The difference is that Baptists in 1800 understood that politics often requires making alliances with people outside the evangelical fold, in the interests of shared public priorities. For the Baptist supporters of Jefferson, the top priority was religious liberty.
When Jefferson was elected president, it had not been long since Baptists preachers had languished in Virginia’s jails for illegal preaching. Jefferson and James Madison, with the support of thousands of Baptists, had pushed through Virginia’s Bill for Establishing Religious Freedom in 1786, a critical precedent for the First Amendment’s guarantee of the “free exercise of religion” and ban on a national established church in 1791. But Baptists still felt that religious liberty was at risk, especially in New England, where states maintained preferred denominations well into the nineteenth century.

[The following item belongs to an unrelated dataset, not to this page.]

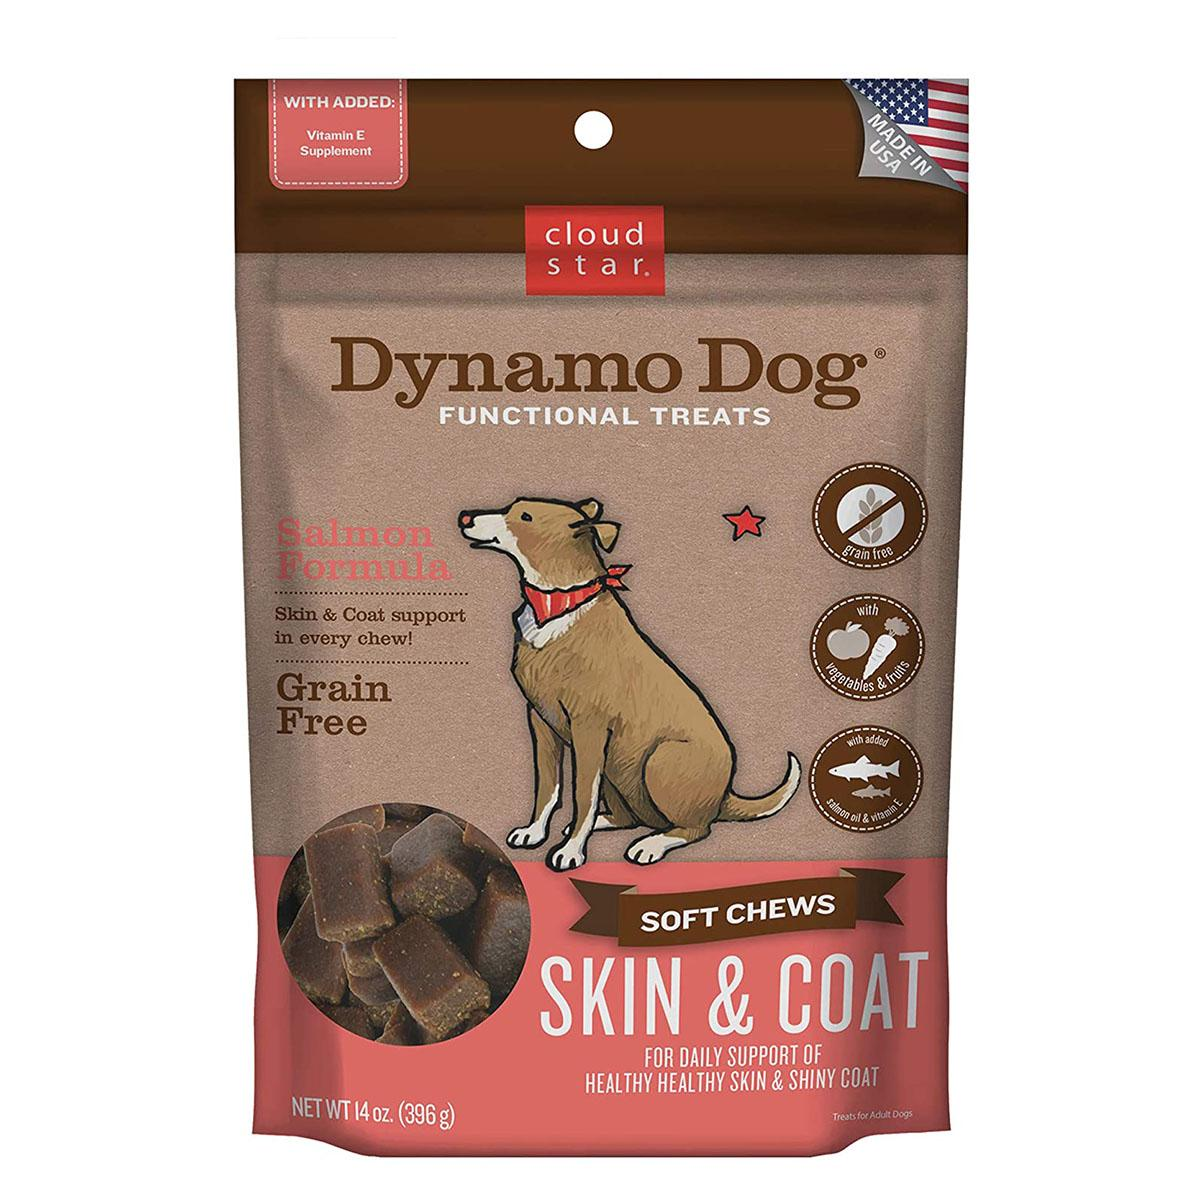 Dynamo Dog Skin and Coat Dog Treats - Salmon

This concern prompted the Danbury Baptists to write Jefferson in 1801, expressing their delight at his election, and asking for assistance to help disestablish Connecticut’s official denomination (the Congregationalist Church). The association’s letter led Jefferson to write his famous reply in which he said that the First Amendment built a “wall of separation” between church and state. Neither Jefferson nor the Baptists, however, understood that this wall required rigid public secularism. Indeed, one of Jefferson’s most avid Baptist supporters, Elder John Leland, preached before the president and a joint session of Congress just two days after Jefferson sent the “wall of separation” letter.

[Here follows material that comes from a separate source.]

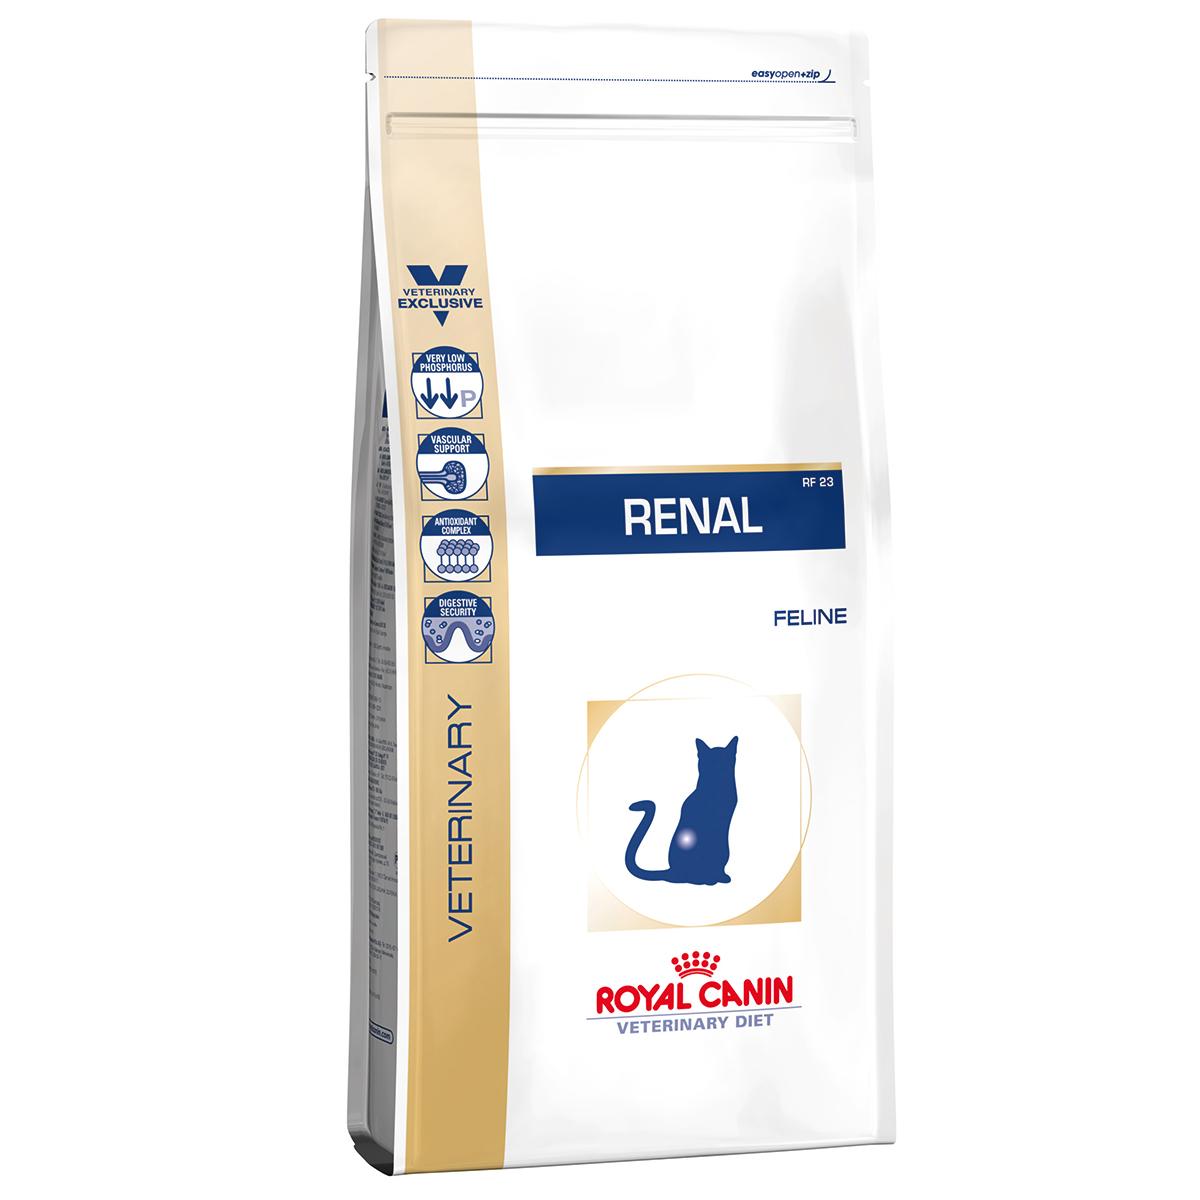 Royal Canin Renal Cat 4 Kg imagine

Did the Baptists not care about Jefferson’s apparent lack of personal faith in Christ? Of course they did. If he had been given the opportunity, we can be sure that Leland would have implored Jefferson to give up his skepticism and put his trust in Christ. But he knew that differing faiths did not preclude political alliances.
This was a lesson that many evangelicals learned afresh in the 1970s and 1980s, when Catholics spearheaded the pro-life movement in reaction to the 1973 Roe v. Wade decision legalizing abortion. Most evangelicals and Catholics have sharp theological differences over the nature of the church and the way of salvation, yet their agreement on moral issues such as abortion made political cooperation a must.

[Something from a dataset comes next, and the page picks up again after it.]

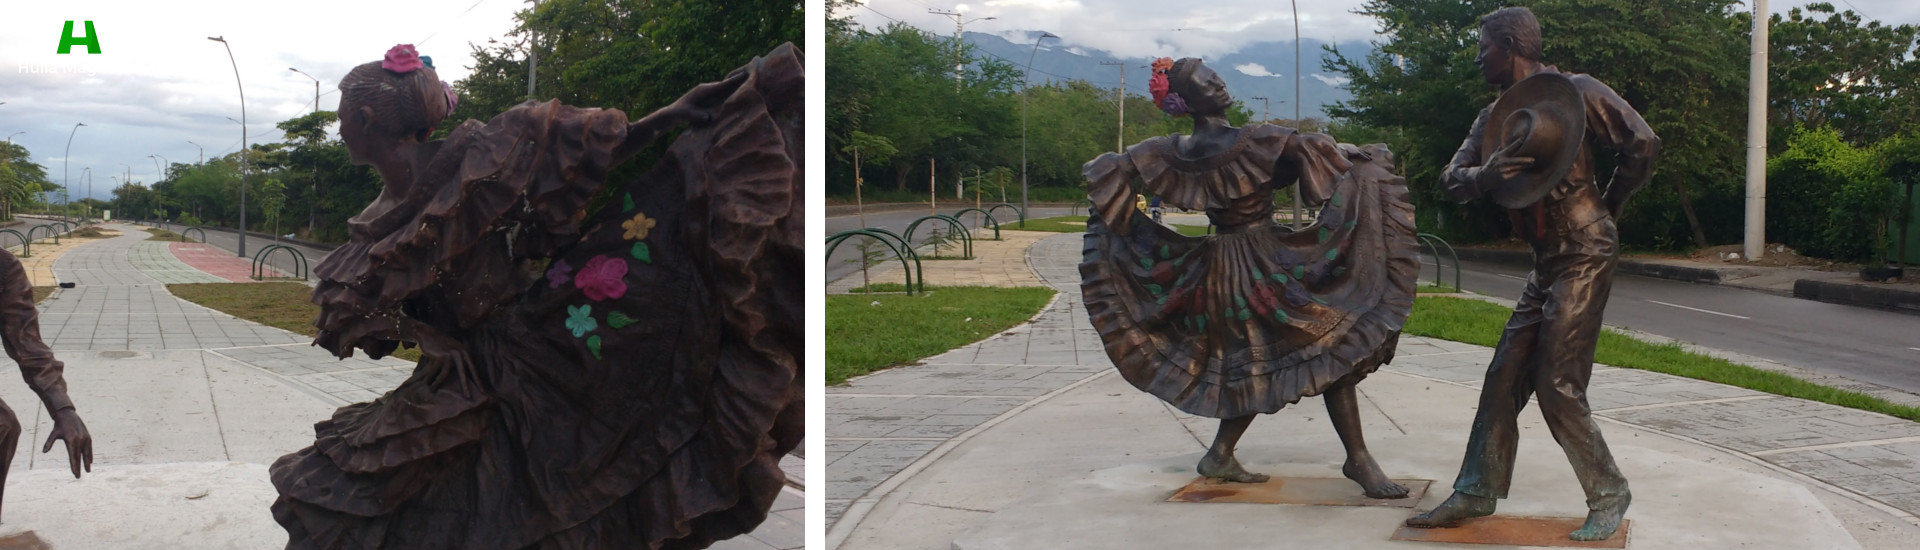 Monumentos al Baile Sanjuanero Huilense - Neiva - Slider - Huila Magnífica

Mormons also became a part of that faith-based alliance, and their questionable doctrines never became an acute political problem until Mitt Romney emerged as a leading candidate for the Republican nomination. (The Mormon issue never seemed as troublesome, by contrast, to the legions of evangelicals who became devoted followers of Glenn Beck in recent years.)
The theological differences between evangelicals and Mormons on issues such as the human potential for divinity, and the history of the church, are deep. Evangelicals should be aware of these differences, and should be willing to speak to Mormon friends about them. But as my fellow Patheos columnist Douglas Baker has argued, evangelicals need to think about politics primarily as an exercise in building alliances for the public good, not as a test of personal doctrine.
Evangelicals may well conclude that Mitt Romney is not the most attractive primary candidate because of his relatively suspect record on issues such as the right to life. But refusing to support a candidate simply because of theology is a wrong-headed approach to politics, and an approach that Baptists in early America would not have recognized.